Directions -> Reproduce the material below only from the line with "Coloring bright white mushroom" to the line with "New Amazing Hermès", both included, keeping each line exact and dropping the pictures.

Data excerpts ->

----------

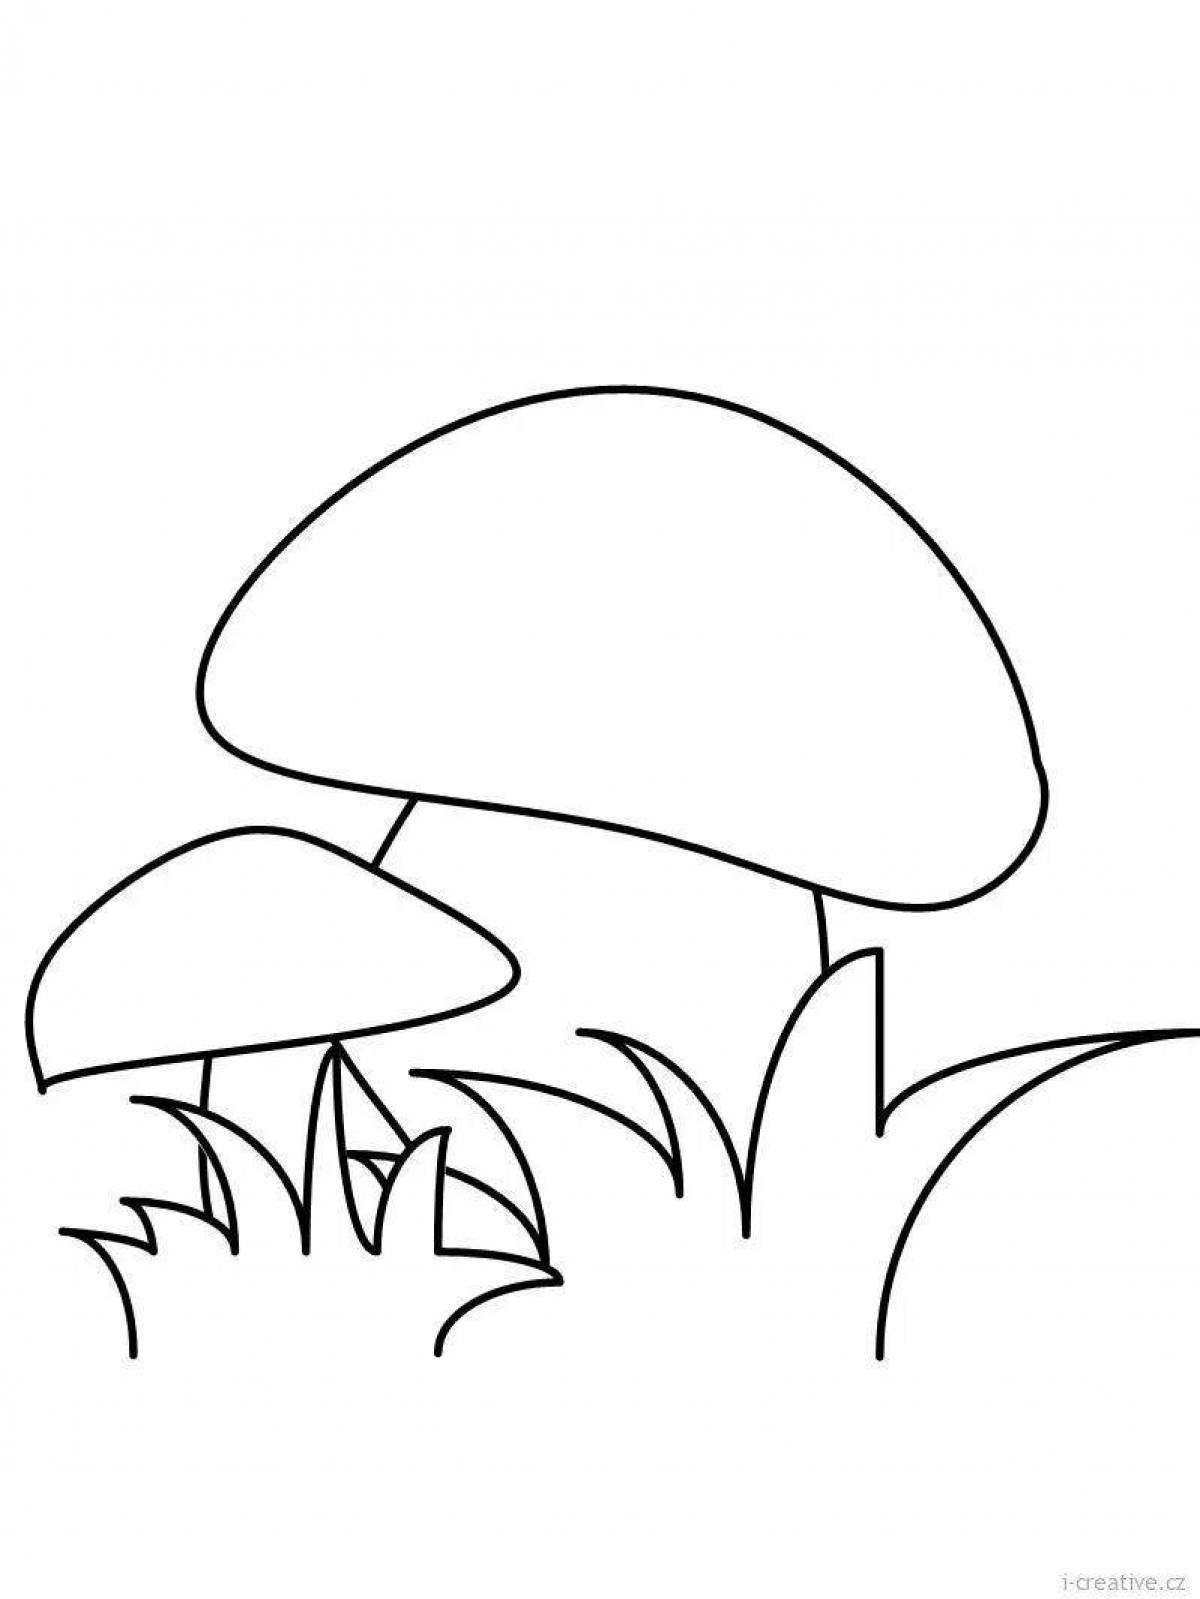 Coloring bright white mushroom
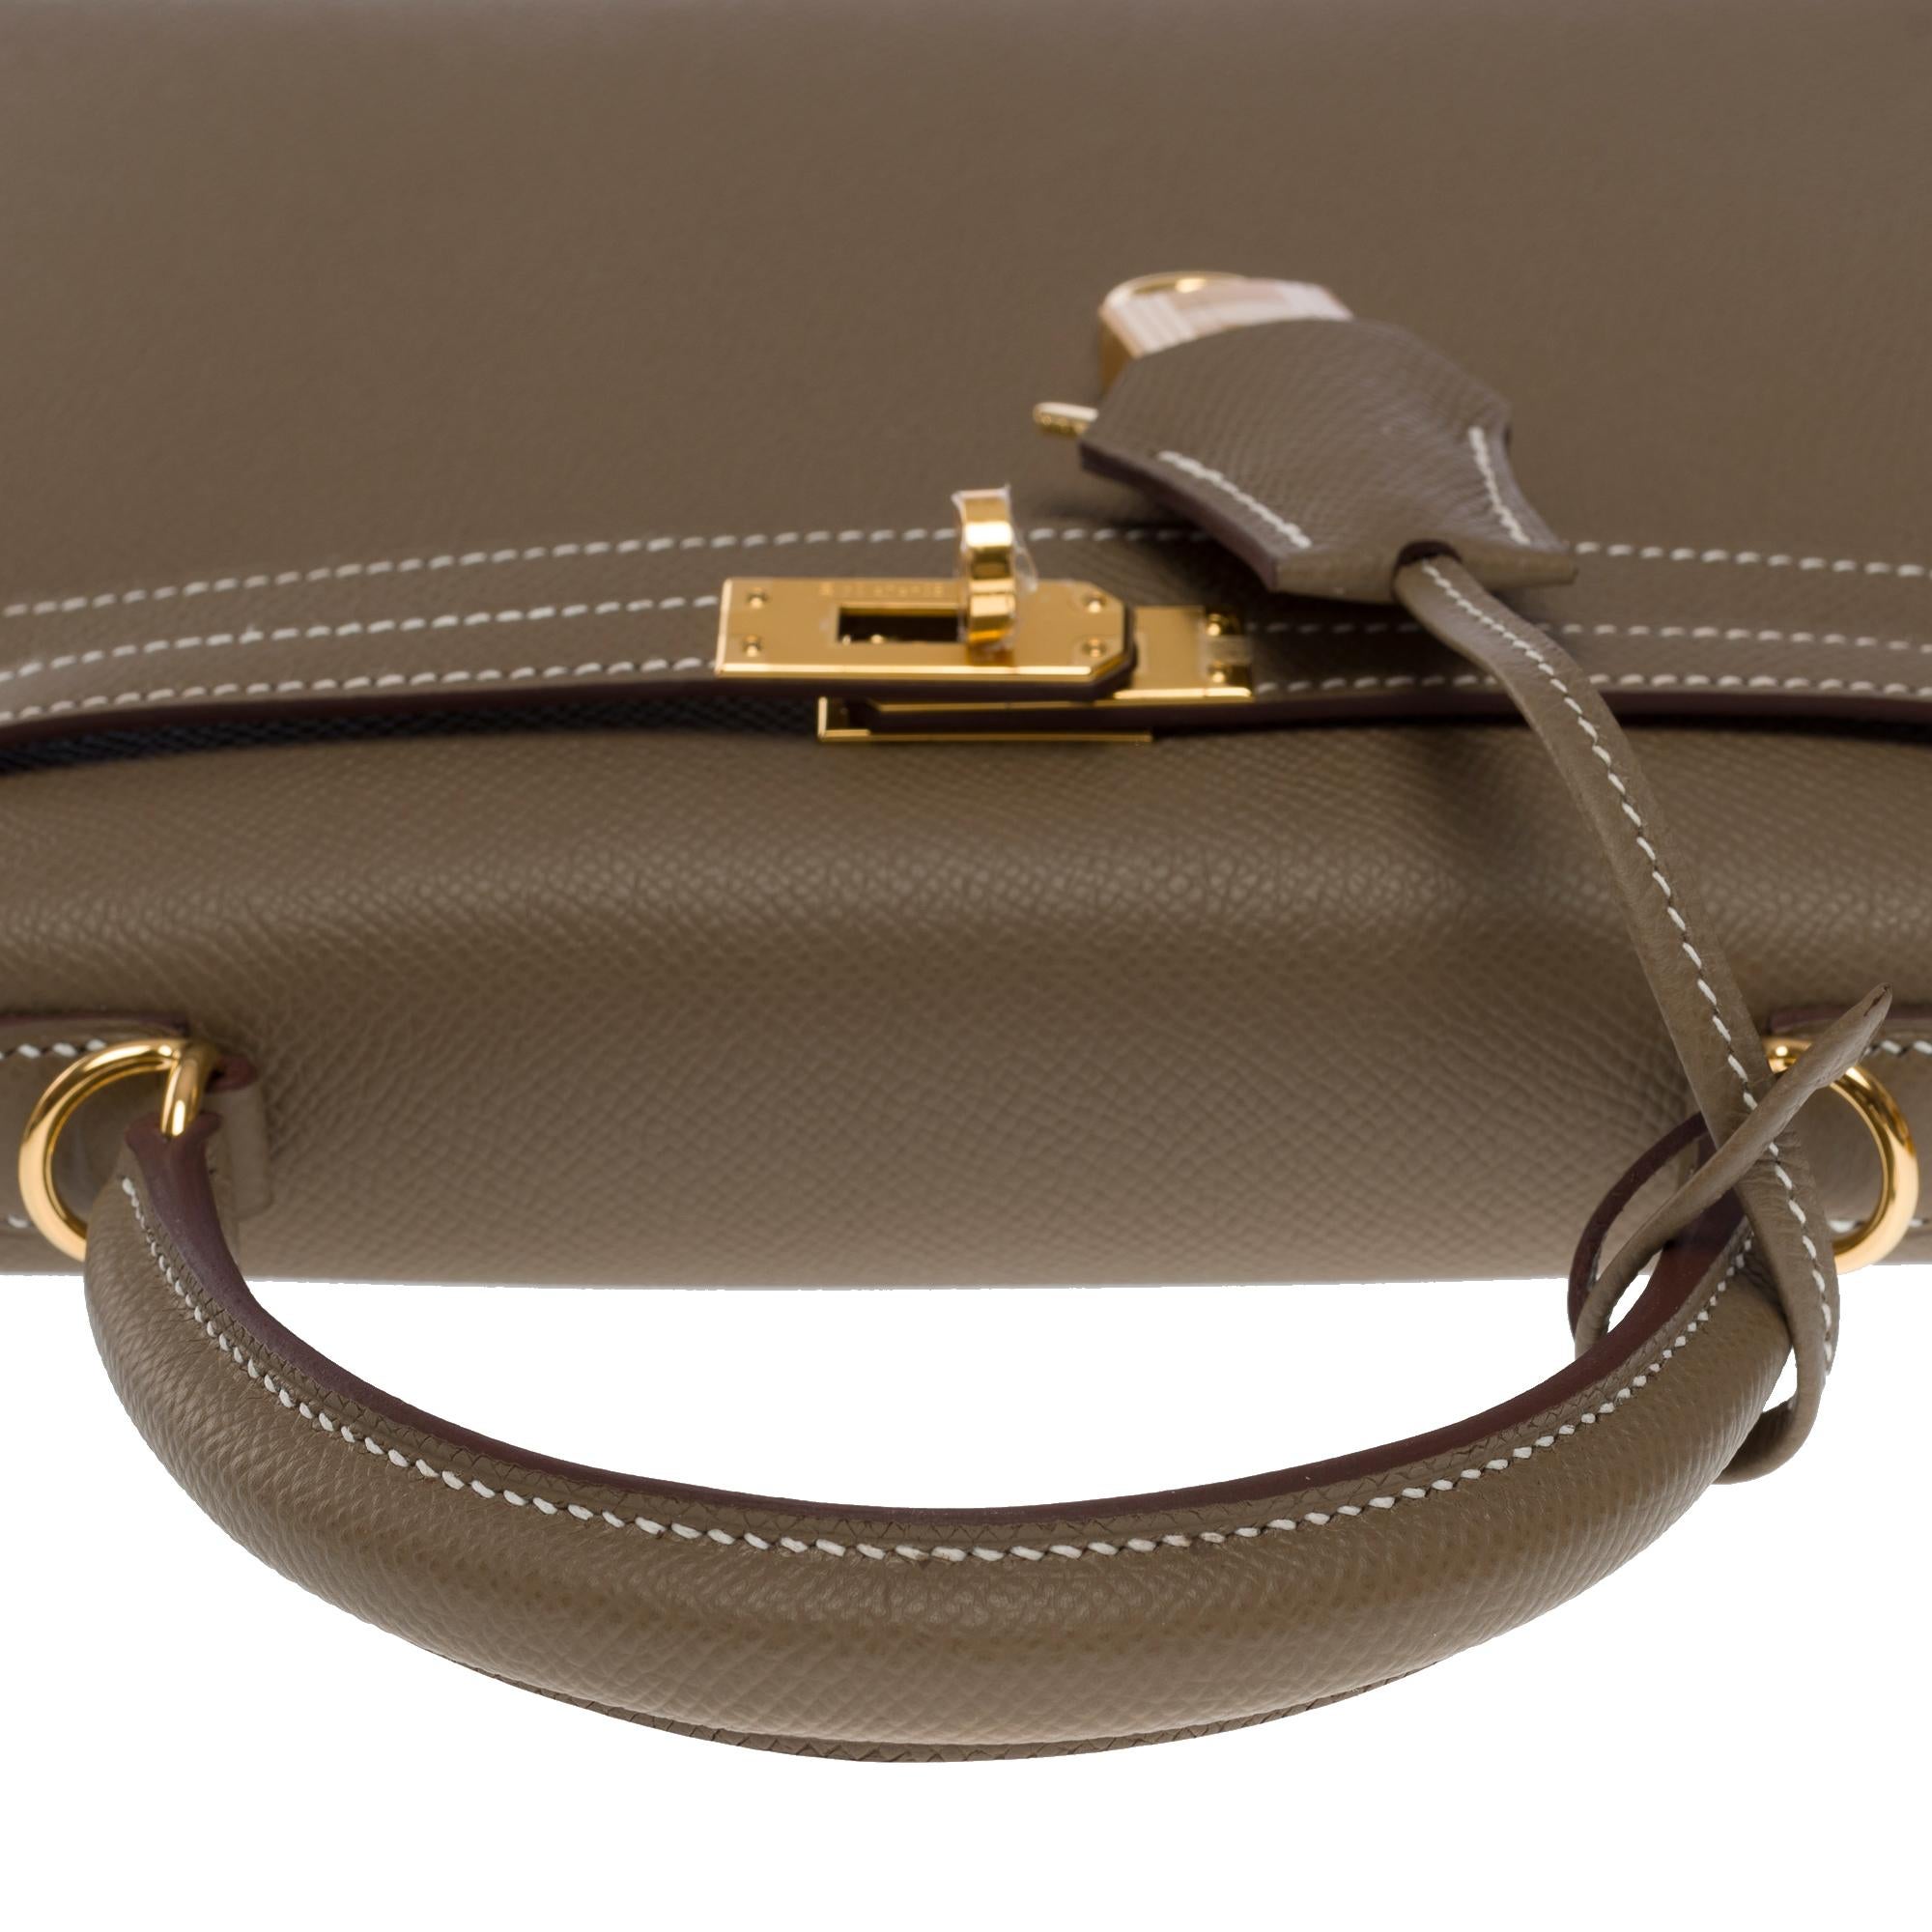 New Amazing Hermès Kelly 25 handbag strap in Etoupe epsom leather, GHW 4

----------

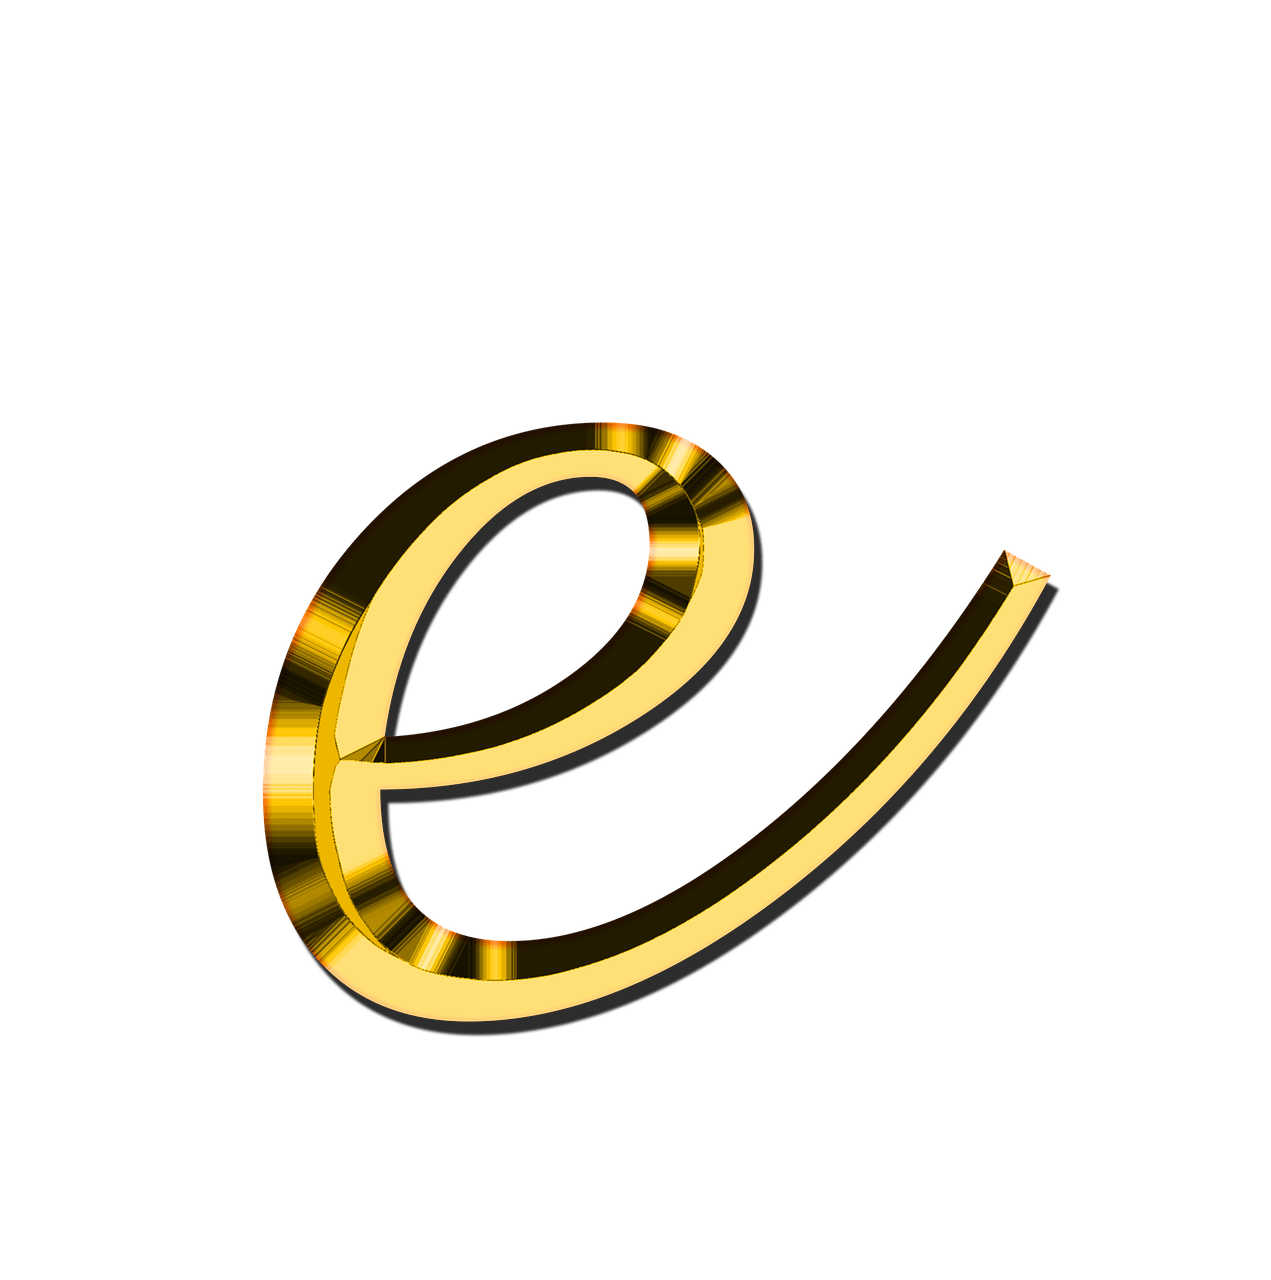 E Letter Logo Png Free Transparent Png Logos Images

----------

Solution for this exercise ->
 Coloring bright white mushroom
 New Amazing Hermès Kelly 25 handbag strap in Etoupe epsom leather, GHW 4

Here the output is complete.